┌──

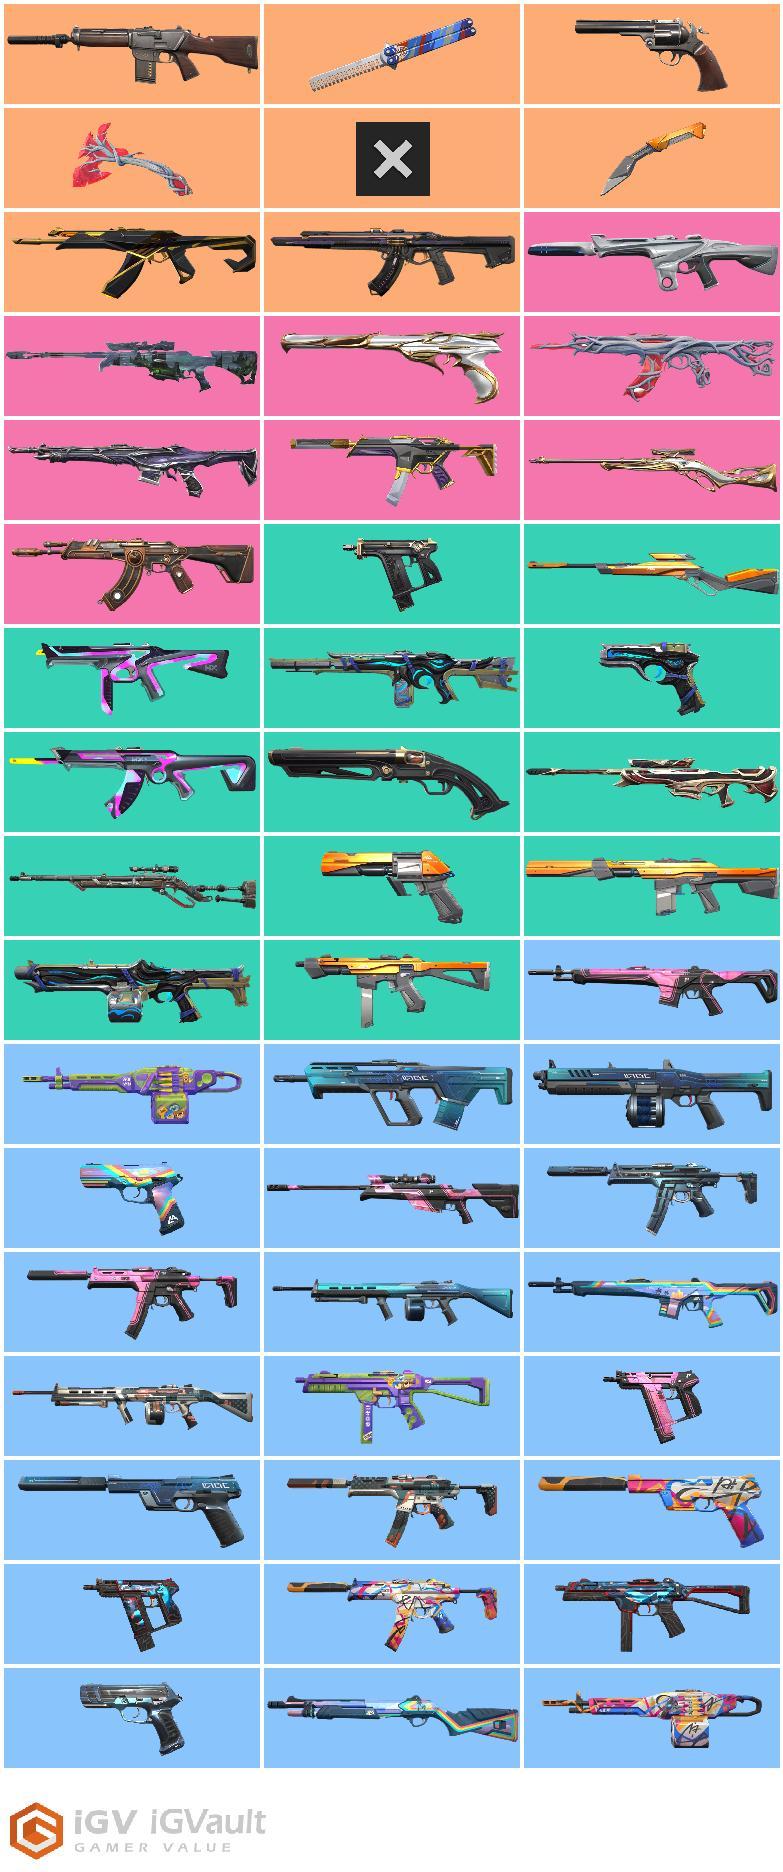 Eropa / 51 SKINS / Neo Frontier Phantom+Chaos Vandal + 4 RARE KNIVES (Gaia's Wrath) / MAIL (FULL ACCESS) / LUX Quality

└──
┌──

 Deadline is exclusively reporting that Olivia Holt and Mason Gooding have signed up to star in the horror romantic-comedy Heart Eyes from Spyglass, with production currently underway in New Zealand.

└──
┌──

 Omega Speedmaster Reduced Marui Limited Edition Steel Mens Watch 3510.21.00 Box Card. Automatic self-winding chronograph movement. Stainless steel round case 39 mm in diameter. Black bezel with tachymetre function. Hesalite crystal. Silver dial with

└──

WHAT TO WORK ON:
Only lines containing the string "with" are needed. Pull each of them out of the records above.

ANSWER SPACE:
 Deadline is exclusively reporting that Olivia Holt and Mason Gooding have signed up to star in the horror romantic-comedy Heart Eyes from Spyglass, with production currently underway in New Zealand.
 Omega Speedmaster Reduced Marui Limited Edition Steel Mens Watch 3510.21.00 Box Card. Automatic self-winding chronograph movement. Stainless steel round case 39 mm in diameter. Black bezel with tachymetre function. Hesalite crystal. Silver dial with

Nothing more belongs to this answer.